Rupert Lowe's twitter account might hint at a full throated vision of what could be, and yet that's also a mirage, he doesn't believe half the stuff that gets posted, the full consequences of "deport everybody" aren't discussed or confined, and instead net out to deporting foreign/dual national criminals, recent Boriswavers, and destitute non-citizens. This is effectively the same as the Reform 2024 manifesto commitments.
This is clearly shifting, Farage has long been a Fabian about these things, purging UKIP of it's nonsensical elements whilst the British public wouldn't stand for it, and yet look where we are. He's a wave surfer perhaps if you're being discharitable, but he clearly isn't a pure grifter. The man was in the trenches speaking to grumbling boomers in village halls in the dark blairite years.
And regarding prim and proper: they decided to stand a candidate in one of the most important by elections in years with an explicitly shit posting, "scaffolder humour" past, haven't backed down from the choice, and are now engaged in an all against all war against the BBC and uni party over language policing regarding the Nowak case.
Incessant doomerism isn't necessary. Obviously he's not perfect, but considering where the British political scene was in 2021 this is better than I could have hoped.
I don't disagree. My point was that the state of affairs Farage represents is what got us to this point in the first place. And as your post implicitly reiterates, Farage does pose any threat to that state of affairs. Instead he is riding the wave of suffering and strife it creates, without any logical recourse to end it.
If the British public is not ready to assert their claim as the rightful and sole owners of their lands, then that's a problem that needs to be realized and solved. But as I said, Farage does not represent any move towards that direction. The realization I'm trying to convey is that the best case scenario for a Farage government would be a more skillfully managed decline of the British nations. It's better in the short term, but the long term result is the same. The end of the British people.
This is an established paradigm in modern right wing politics. Historically there are two camps that believe in some form of solution to this existential crisis of the west. The Secretly Based Camp and the Accelerationist Camp. The SBC believes that there are secretly based politicians that are playing electoral politics, hiding their power level just enough to get elected so they can save the country. The Accelerationist camp believes that the accelerated deterioration of the native populations QoL is a mechanism that can wake them up to act in a more radical way in their own self interest.
To summarize, Farage represents the worst option. He's neither secretly based nor trying to upset the status quo. Instead he is cashing out on all the pent up pressure that the negative effects of the status quo create without representing any chance to correct the course.

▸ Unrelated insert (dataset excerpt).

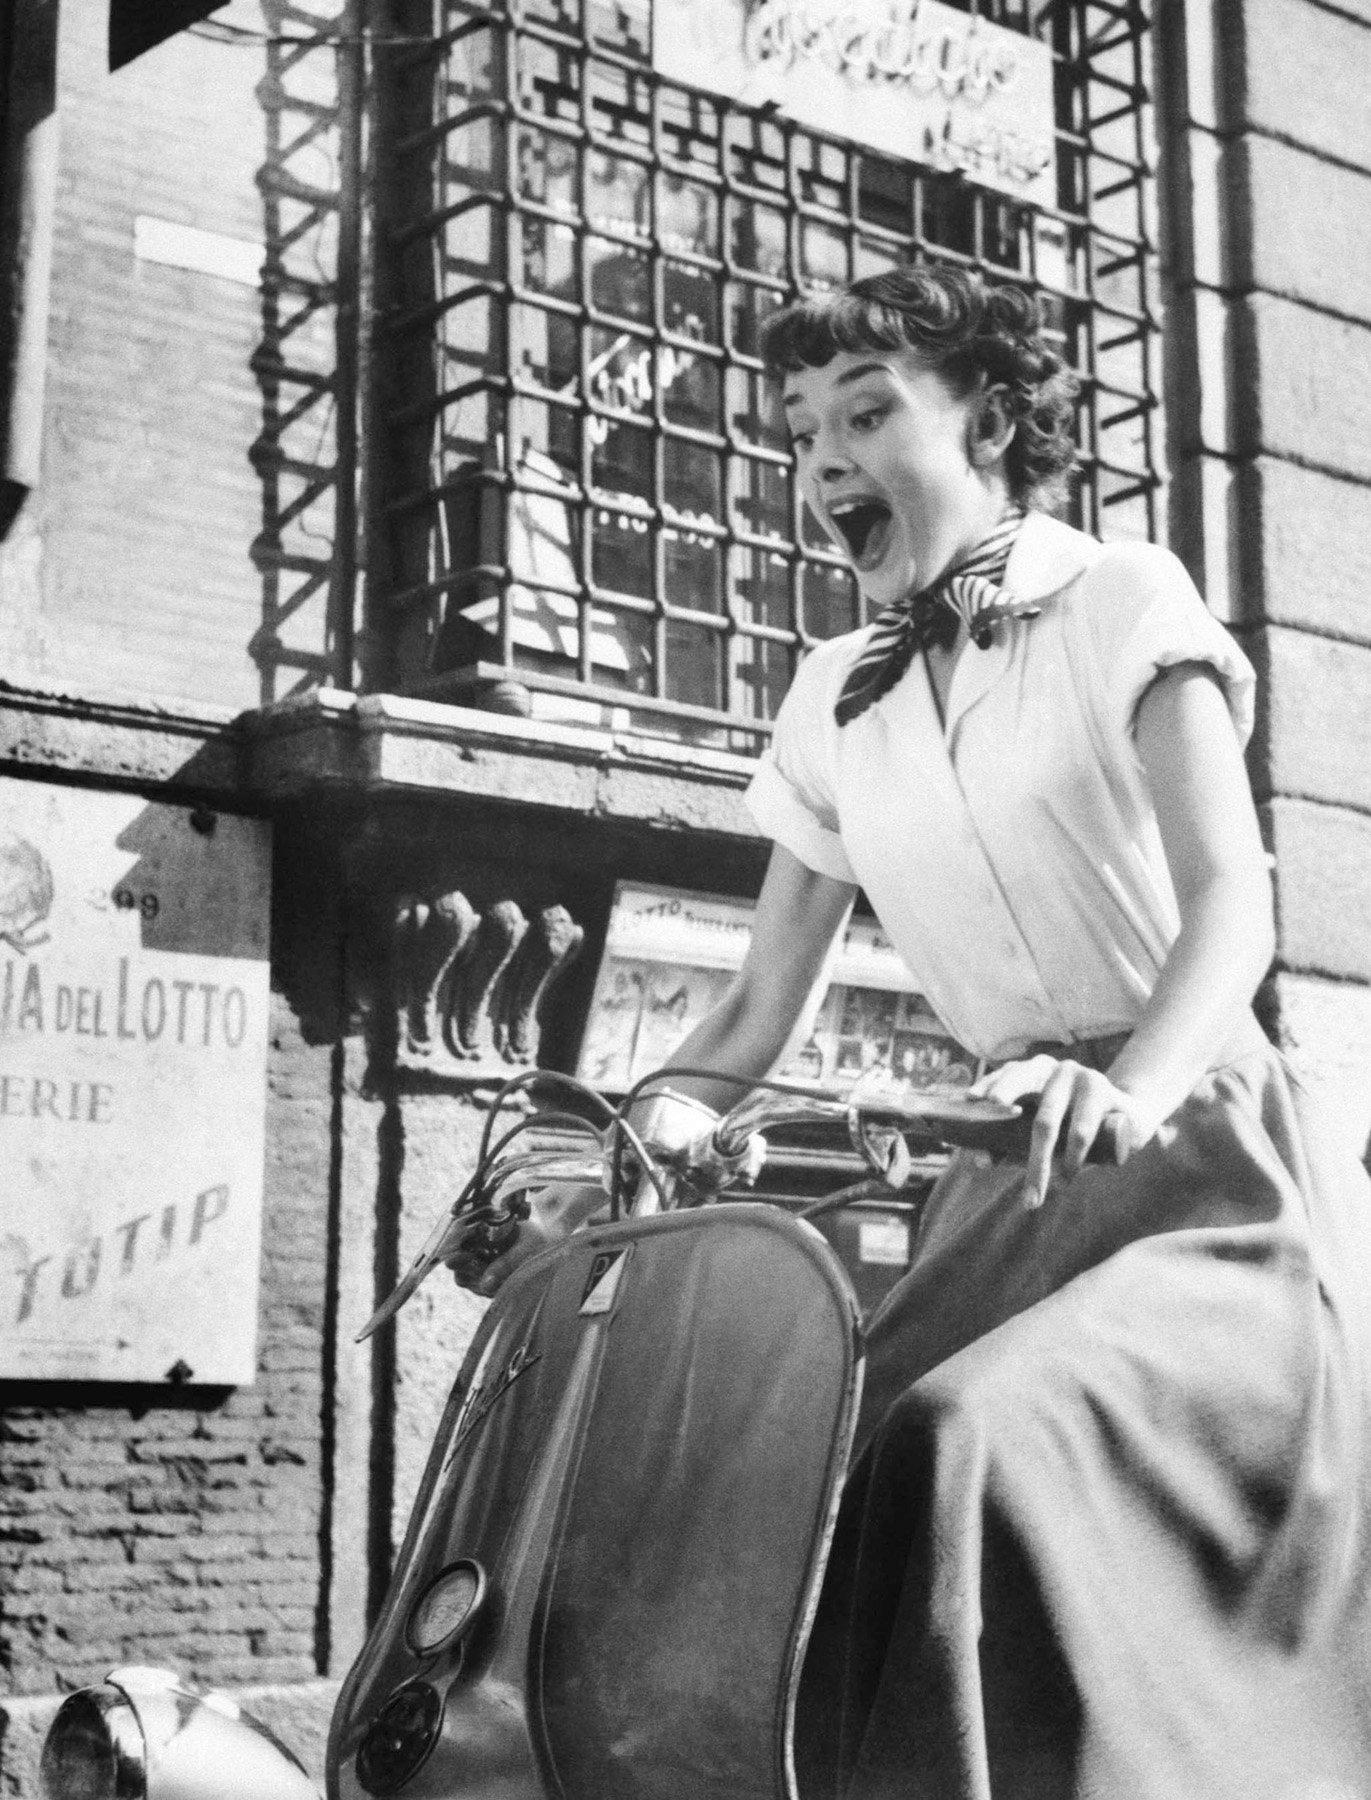 Audrey Hepburn and her Vespa Audrey Hepburn and her Vespa

Now, maybe Farage represents something different and new that exists outside this paradigm. One can only hope. But I don't see why one would think that considering we now have an established history of SBC candidates failing to live up to the hopes that were tied to them. Farage seems to fit neatly into the established paradigm as what's commonly referred to as a Release Valve. I don't think that's an unfair description until proven otherwise.
I agree in the sense that no politician on the right (or centre-left for that matter) has fully grokked the Moldbuggian "what is to be done" stuff here. I'm not entirely sure who the SBC predecessors are. Boris? The European context is dominated by based candidates getting elected into minor satrapies sublimated to the EU, with no room to manoeuvre at all. It doesn't seem obvious to me why a British situation couldn't work out differently in principle.

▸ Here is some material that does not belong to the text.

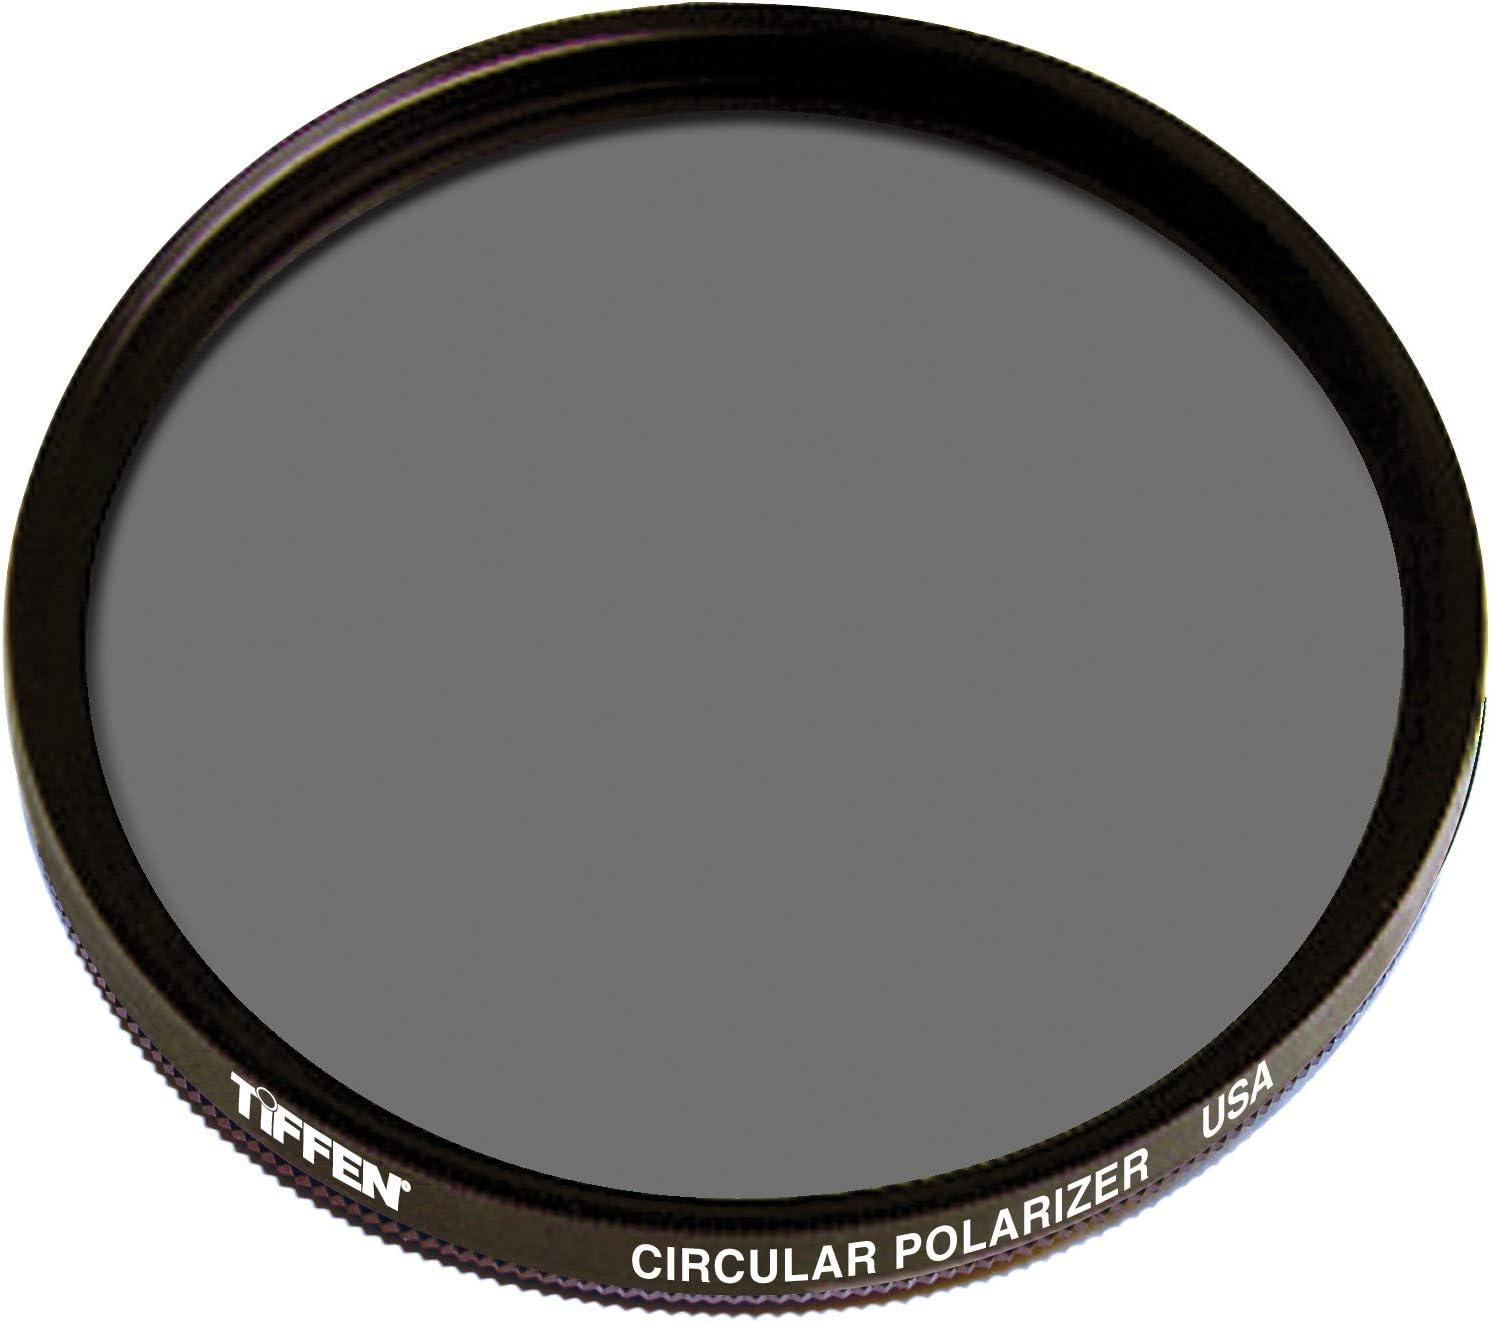 95C Polarizer

Reform are expressly standing on manifesto commitments to repeal vast swathes of Blairite era legislation, so in theory should be able to push it through if they got a majority. Would they also have the guts to overthrow the civil service, reform Councils etc. etc. No, almost certainly not. But anything close to the level of radicalism that we saw between say 1997-2001 or 1945-1951 would be a good starting point.

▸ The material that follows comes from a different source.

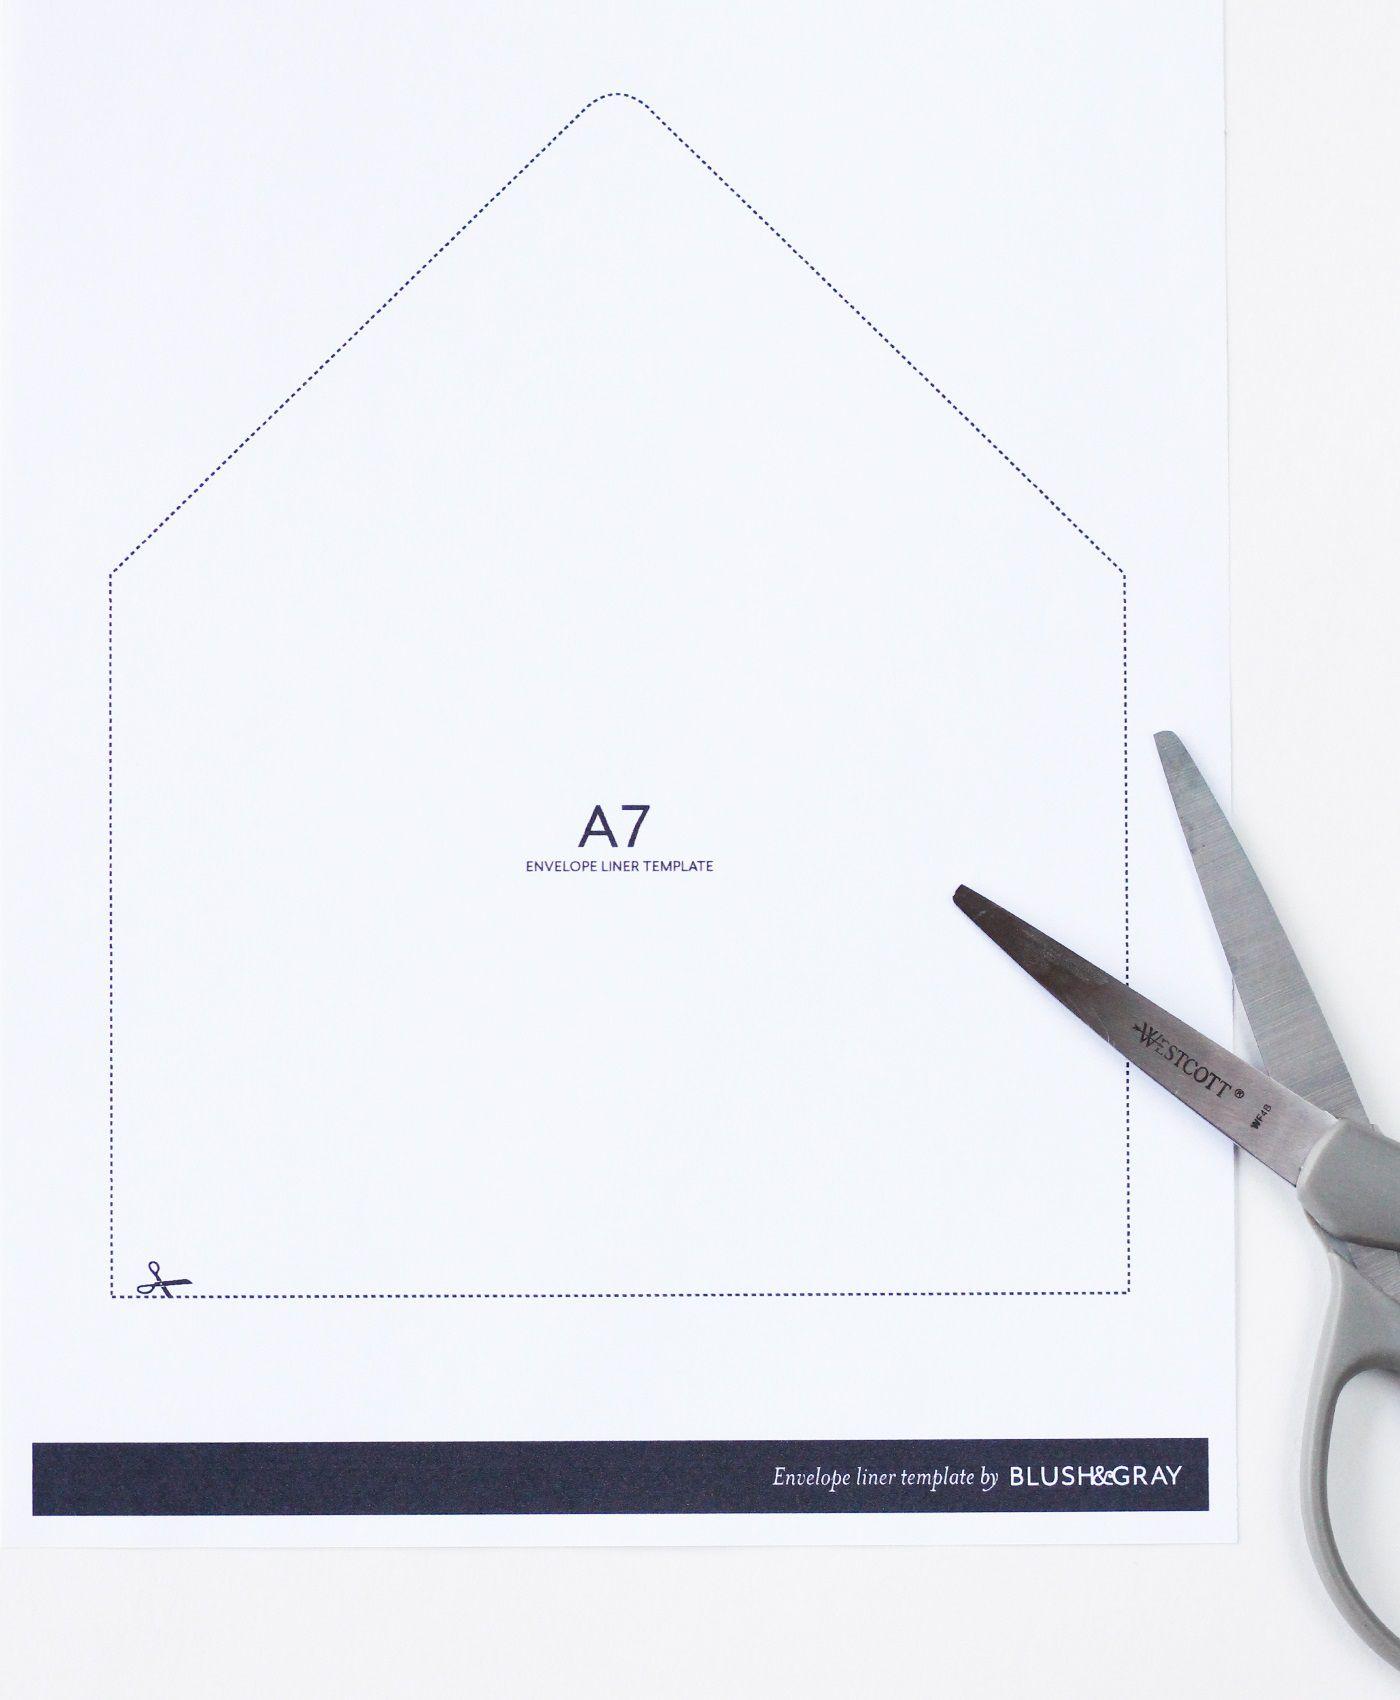 003 Impressive A7 Envelope Liner Template High Definition  Printable Illustrator FreeFull

If Farage does prove to be a completely useless release valve that achieves nothing of any sort (a la Meloni perhaps?) then the electorate will bring someone else in (or begin looking at other avenues).
Sometimes I do have the twinge of fear at the scale of what is facing us. But what else is to be done? We need someone to win the next election, and no one is going to be coming at it from a standing start - Reform are about as fast as one can go in these things (within the British parliamentary tradition). I imagine one failure-mode may be the emergence of Northern Irish style politics (and non-politics) in the urban rings. In that situation perhaps a radical solution will self emerge. Argentina is another oft floated end point - slow terminal decline - but Argentina doesn't have the ethnic element which makes conflict semi unavoidable.
Regardless, I'm confident the problem is much smaller than that of the US or even France, because of both the scale and our political system.